Baby Bird Parenting

in #parenting3 years ago

My son coined the term "baby bird parenting" while teaching small children to ski at Schweitzer Mountain last winter.

Baby_bird_1.jpg
This is my youngest son learning to ski at about age 9. The children my older son taught as a ski instructor were much younger, between 18 months and 4 years.

His method consisted of three parts.

  • One, an absolutely refusal to accept whining or excuses. (Faith and trust in the child)
  • Two, rapidly teaching the child the skills so he or she had the confidence to do it on his or her own. (Empowerment)
  • Three, praise and support when the child succeeded or was struggling. (Emotional support)

His method was successful on the ski mountain because the kids felt empowered by someone who refused to coddle them, they did hard stuff they didn't think they could do, and they were successful, breeding real confidence.

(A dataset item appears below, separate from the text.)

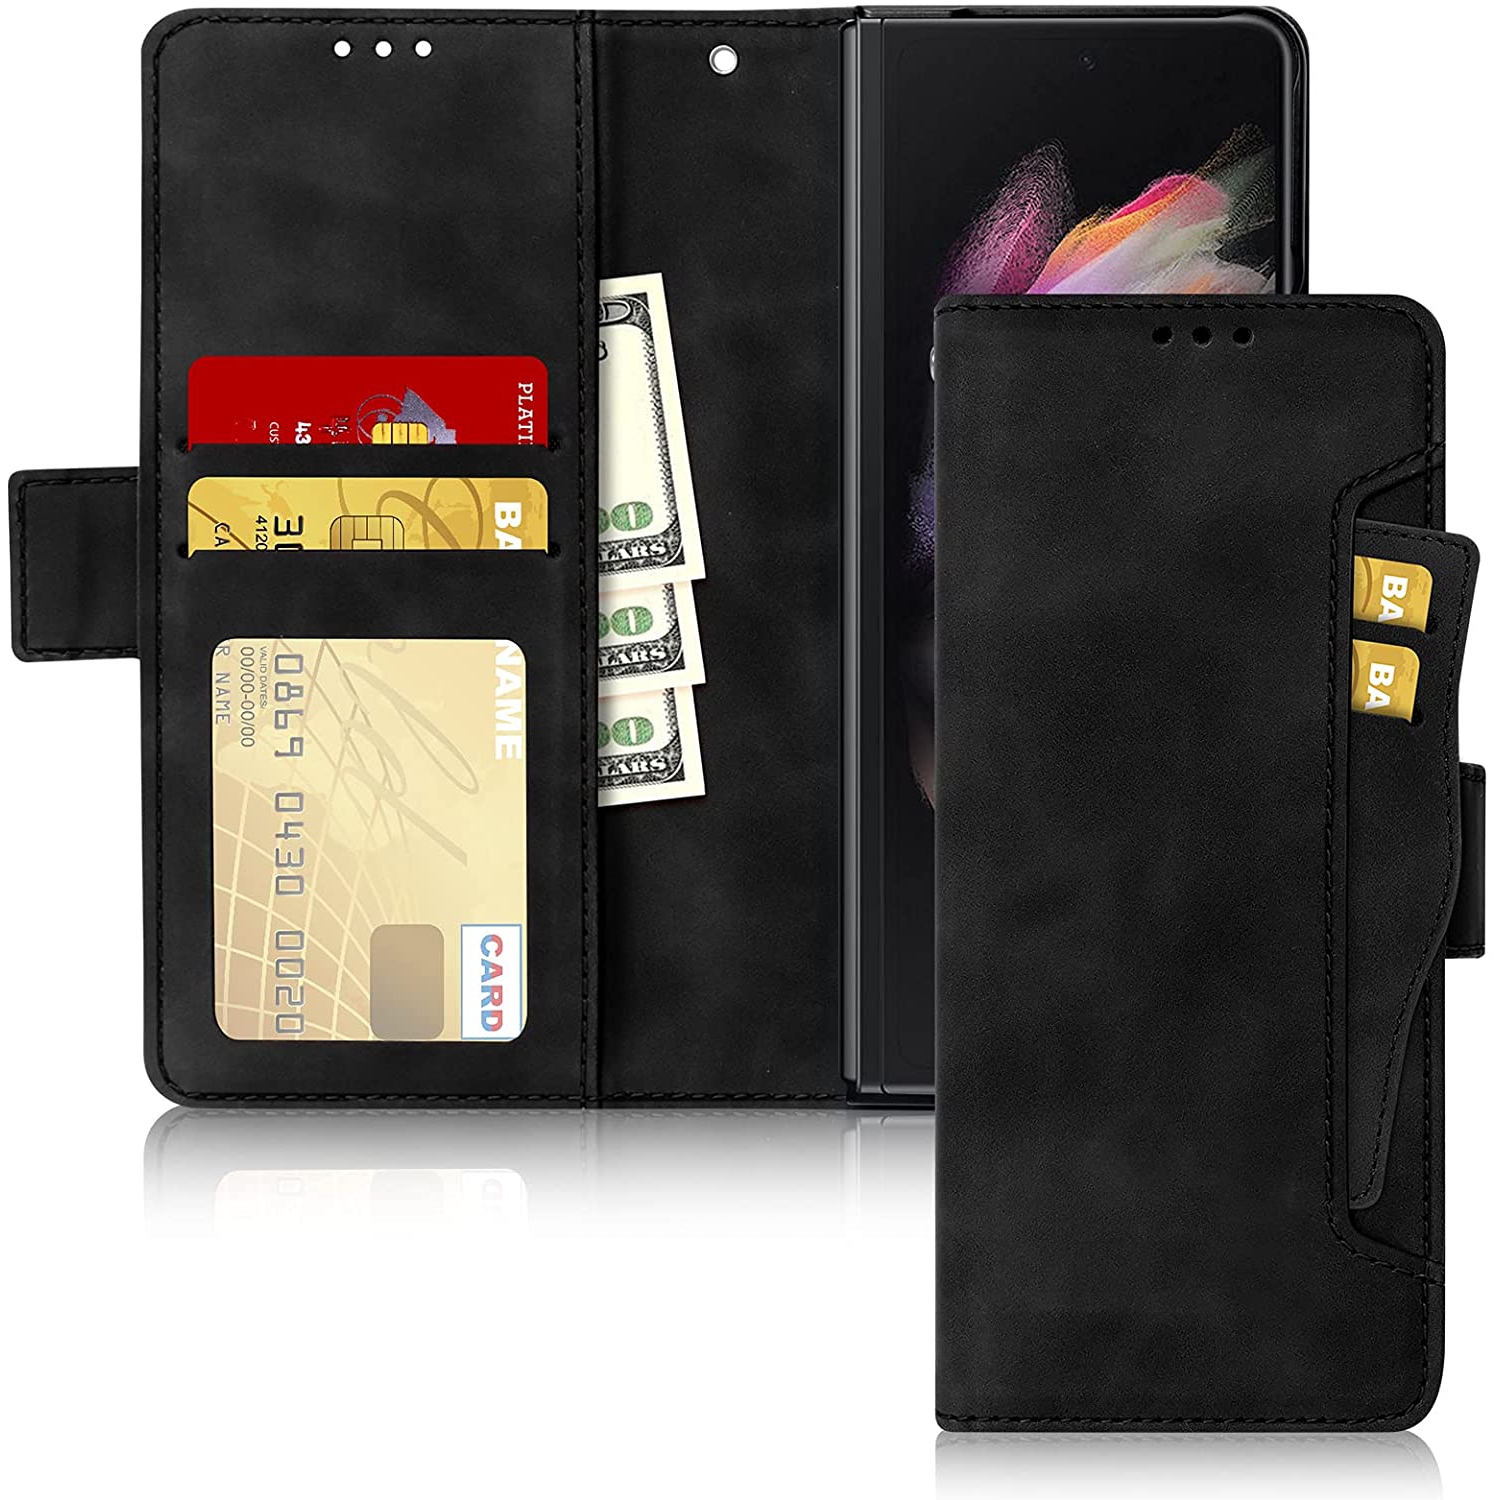 [CS] Samsung Galaxy Z Fold 4 5G 2022 Case, Magnetic Leather Folio Wallet Flip Case Cover with Card Slot, Black

He called it baby bird parenting because when baby birds are ready to leave their nest, their parents shove them out and, voila, they learn to fly. He learned the method from me, his mother.

Two Sorts of Modern Parents

Modern parenting consists of either abusive and neglectful parents (lower classes and upper classes) or hovering, helicopter parents (middle classes). Both of these styles are horrible, and stupid, and destructive for children, leaving effects that last through adulthood and are perpetuated into the next generation.

Parenting Correctly

Proper parenting consists of emotional support and love coupled with confidence in a child's abilities. Exactly the way birds parent. Diligently provide for them, nurture them, feed them, protect them, and then when they are ready, shove them out of the nest so they can fly.


Image from Wikimedia, CC by SA 2.0, by Tony Alter.

The shoving portion happens once in a bird's life, but over and over in the growth of a human. You shove them the first time they learn to cut safely with a sharp kitchen knife (preschool years, people). You shove them again when they learn to cook on a hot stove (kindergarten), cut down a small tree with a sharp axe (1st grade), drive a 4-wheeler, tractor, or yard mower (2nd grade), use the internet freely without supervision (3rd grade) . . . and so on.

Kids who do real things and are trusted by their parents to be safe and make good decisions will be confident, capable people. When the parent pairs empowerment with emotional support, that's a well adjusted child and a confident comfortable future adult.